A year later he returned to Poland, where he was directed by the Ministry of the former Prussian District in Warsaw to work in the Department of Agriculture and National Patrimony of the Pomorskie Regional Office in Toruń starting on the 6 May 1921. Five months later he was promoted to the rank of Consul Governor of Pomerania. In the 1930s he retired and became a member of the Alma Mater in Czechoslovakia with ID number 008950. He lived in Cieszyn at Słowackiego 1 Street.

During the German occupation, he hid in the General Government in Warsaw. After the war he returned to the family in Niebory.

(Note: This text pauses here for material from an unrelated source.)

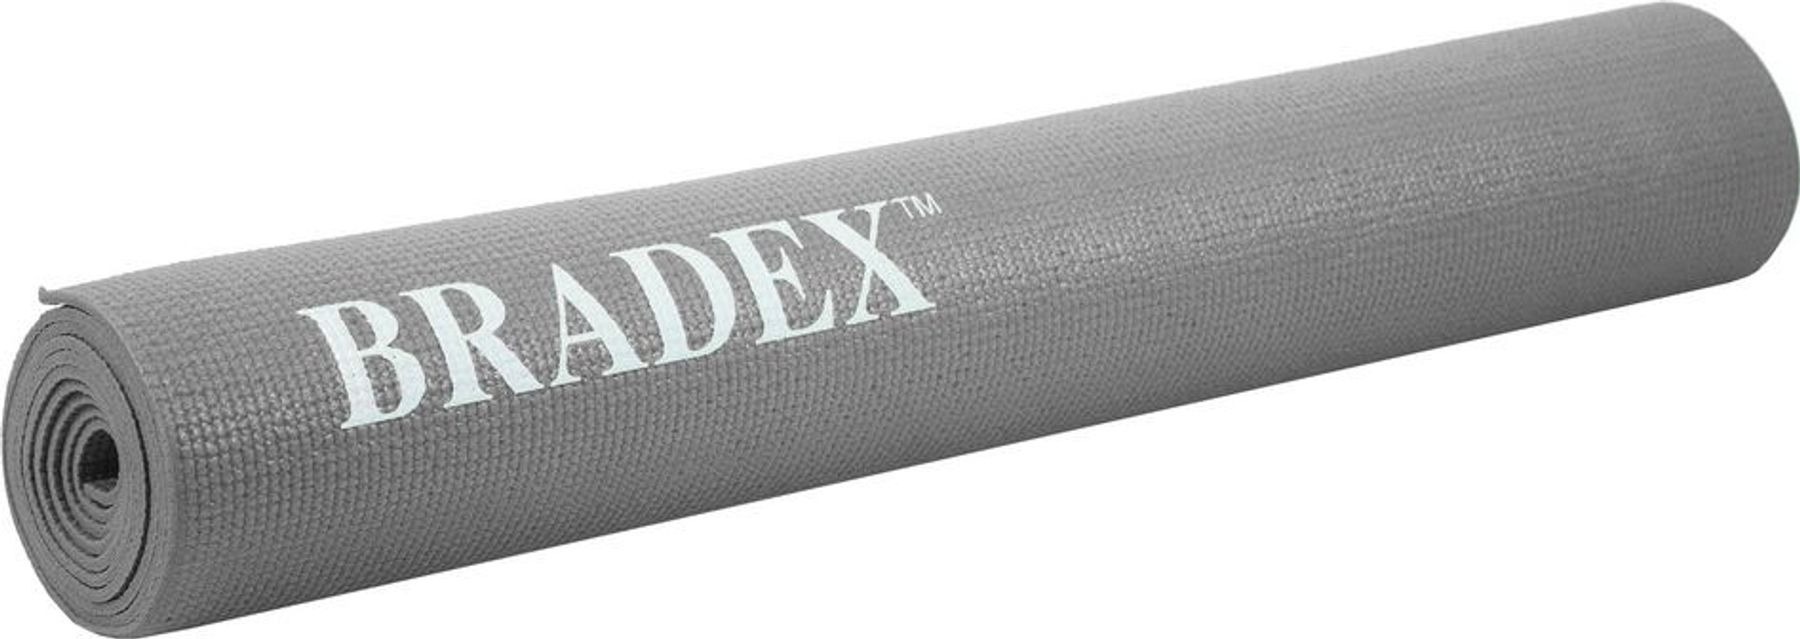 фото Коврик для йоги и фитнеса bradex sf 0684, 173*61*0,5 см, серый
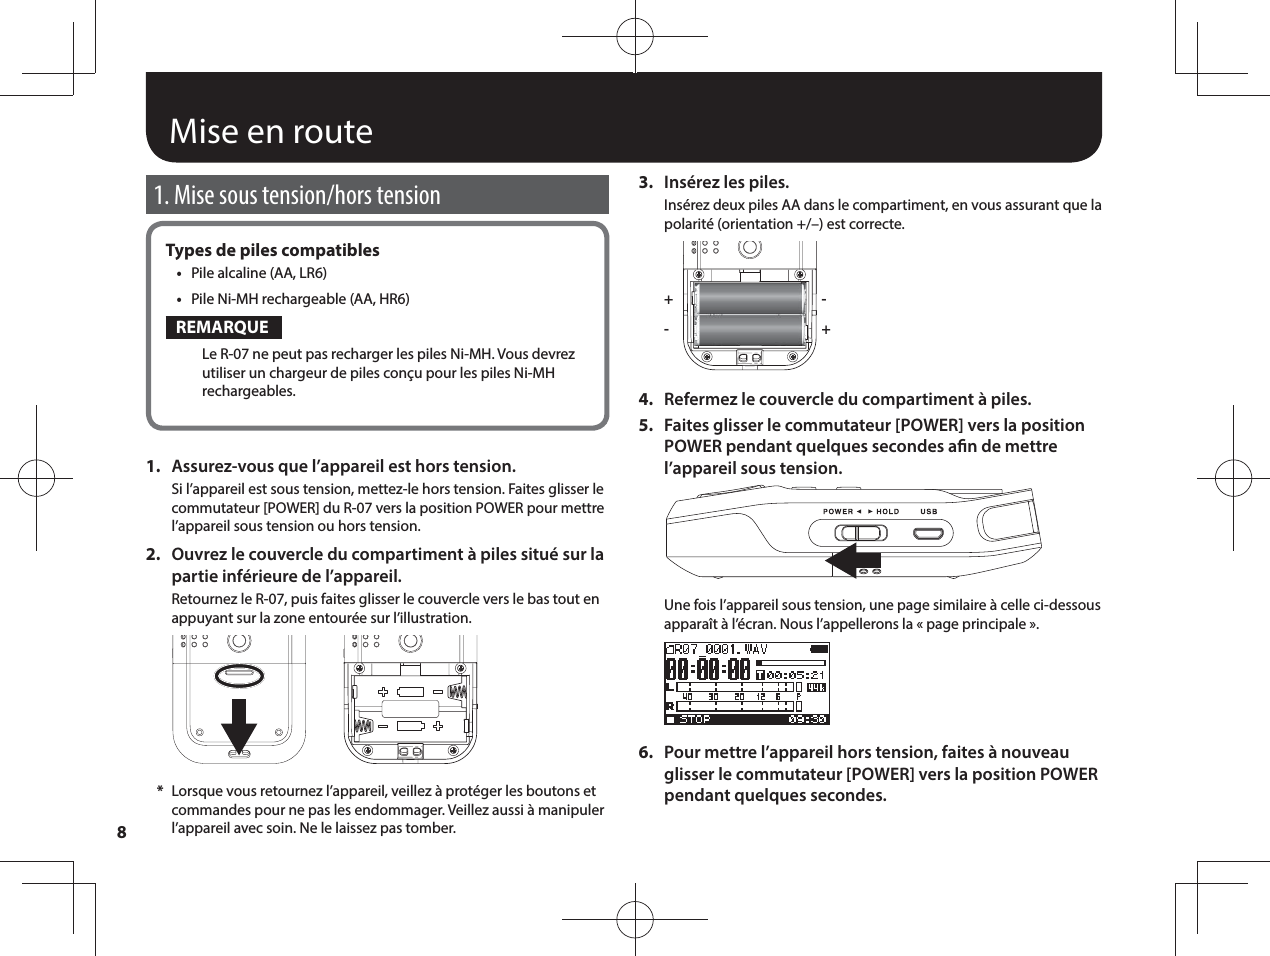 8Mise en route1. Mise sous tension/hors tensionTypes de piles compatibles•  Pile alcaline (AA, LR6)•  Pile Ni-MH rechargeable (AA, HR6)REMARQUELe R-07 ne peut pas recharger les piles Ni-MH. Vous devrez utiliser un chargeur de piles conçu pour les piles Ni-MH rechargeables.1.  Assurez-vous que l’appareil est hors tension.Si l’appareil est sous tension, mettez-le hors tension. Faites glisser le commutateur [POWER] du R-07 vers la position POWER pour mettre l’appareil sous tension ou hors tension.2.  Ouvrez le couvercle du compartiment à piles situé sur la partie inférieure de l’appareil.Retournez le R-07, puis faites glisser le couvercle vers le bas tout en appuyant sur la zone entourée sur l’illustration. *Lorsque vous retournez l’appareil, veillez à protéger les boutons et commandes pour ne pas les endommager. Veillez aussi à manipuler l’appareil avec soin. Ne le laissez pas tomber.3.  Insérez les piles.Insérez deux piles AA dans le compartiment, en vous assurant que la polarité (orientation +/–) est correcte.++--4.  Refermez le couvercle du compartiment à piles.5.  Faites glisser le commutateur [POWER] vers la position POWER pendant quelques secondes an de mettre l’appareil sous tension.Une fois l’appareil sous tension, une page similaire à celle ci-dessous apparaît à l’écran. Nous l’appellerons la «page principale».6.  Pour mettre l’appareil hors tension, faites à nouveau glisser le commutateur [POWER] vers la position POWER pendant quelques secondes.

The Czechoslovak National Council (Národní výbor), granted him Czechoslovak citizenship in 1945 (Nebory and whole Trans-Olza the 1945 year were incorporated into Czechoslovakia). In subsequent years, he joined the Polish Cultural and Educational Union and founded the local division in Nebory. Karol Pawlica died on 17 September 1970 in Nebory at the age of 86 and was buried at the cemetery in Nebory.

== Bibliography ==
- Tadeusz Kopoczek, Samuraj z... Nieborów, „Kalendarz Cieszyński”, T. 21 (2005 [2004]), pp. 177–184.